Cette décision intervient alors que le gouvernement fédéral a déployé l'armée dans les provinces du Punjab et de Khyber Pakhtunkhwa pour faire face aux manifestations contre l'arrestation de Khan.
*RDC
-Le bilan des inondations passe à 438 morts (officiel)
Le bilan des inondations et des éboulements qui ont frappé jeudi dernier le territoire de Kalehe dans l’Est de la République démocratique du Congo, est passé de 401 à 438 morts, a déclaré le porte-parole du gouvernement congolais lors d’une conférence de presse, mercredi à Kinshasa.
Les inondations avaient touché plusieurs villages dont Bushushu et Nyamukubi où des rivières sont sorties de leurs lits à la suite des fortes pluies.
-Tshisekedi évoque le départ d’ici juin des troupes d’Afrique de l’Est
Le président congolais Félix Tshisekedi a critiqué mardi la force régionale déployée par les pays d'Afrique de l'Est dans les régions orientales de la République démocratique du Congo, laissant entendre qu’elle pourrait quitter le territoire congolais d'ici fin juin.
Le chef de l’Etat s'exprimait depuis le Botswana où il était en visite officielle.

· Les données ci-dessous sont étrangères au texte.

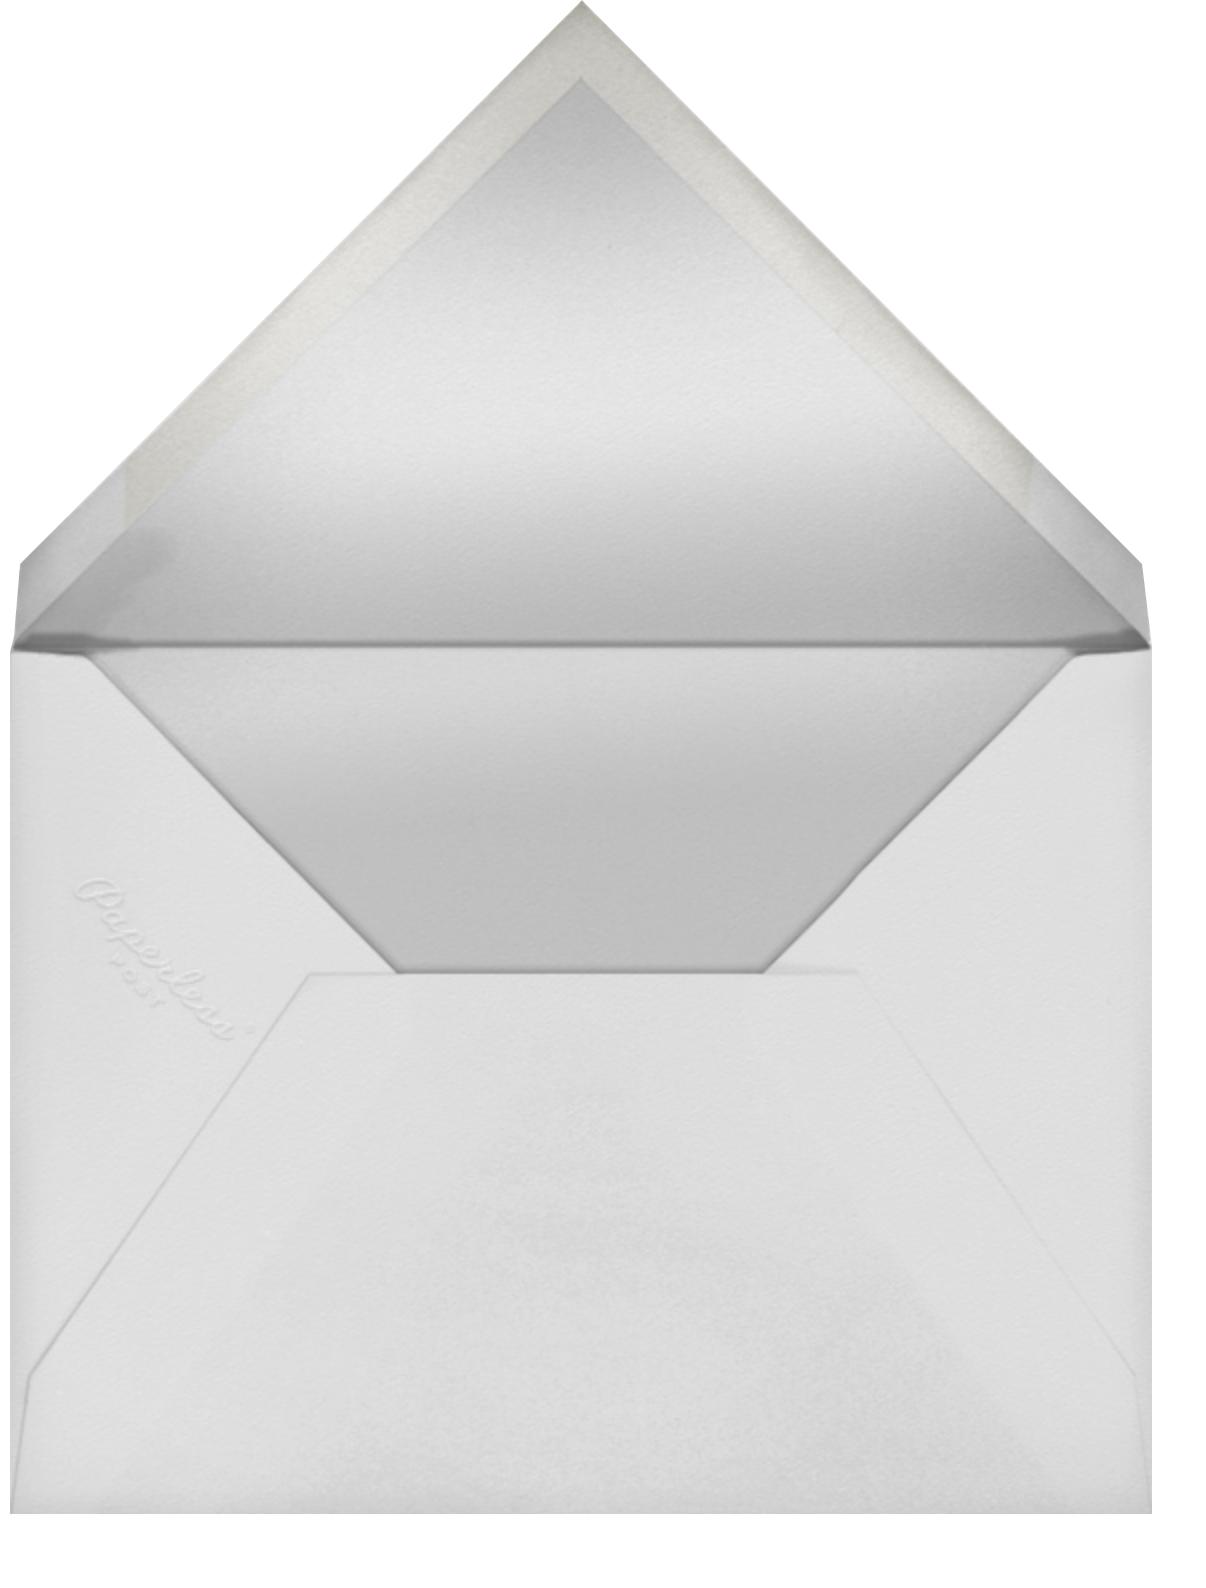 Gradient Full - Black - Paperless Post - Engagement party - envelope back

Tshisekedi a accusé, lors d’une conférence de presse conjointe avec son homologue Mokgweetsi Masisi, les troupes des États d’Afrique de l’Est (EAC) de « cohabitation » avec les rebelles du M23 (Mouvement du 23 mars) quelles sont censées combattre depuis leur déploiement en décembre dernier.
*Sénégal
Retour à un calme précaire à Ngor après une journée d’affrontements
Un calme précaire a règné mercredi à Ngor, une petite commune de la capitale sénégalaise, après une chaude journée d’affrontements la veille entre populations et forces de l’ordre.
A l’origine du conflit, une affaire foncière sur un site de 6000 m2 sur lequel la gendarmerie veut implanter une brigade alors que les populations locales confrontées à un manque d’infrastructures souhaitent qu’un lycée y soit bâti. Les confrontations ont démarré le 18 avril dernier avant d’atteindre leur paroxysme avec les violents affrontements de mardi ayant entraîné la mort d’une jeune fille, selon un communiqué du ministère de l’Intérieur.
*Centrafrique
Violents affrontements entre une milice d'autodéfense et les rebelles de l'UPC dans le sud-est
La ville centrafricaine de Mboki, située dans la préfecture du Haut-Mbomou (sud-est), est le théâtre, depuis dimanche 7 mai, de violents affrontements entre les miliciens d’autodéfense Azande Ani Kpi Gbé et les rebelles de l'Unité pour la paix en Centrafrique (UPC), membres de la Coalition des patriotes pour le changement (CPC), a indiqué mercredi à Anadolu le préfet du Haut-Mbomou, Jude Ngayako.
« L’affrontement qui a débuté dimanche entre ces belligérants se poursuit au moment où je vous parle. Pour le moment, il est difficile d’avoir un bilan précis mais il y a des morts et des blessés signalés de part et d’autre », a souligné le préfet, joint par téléphone.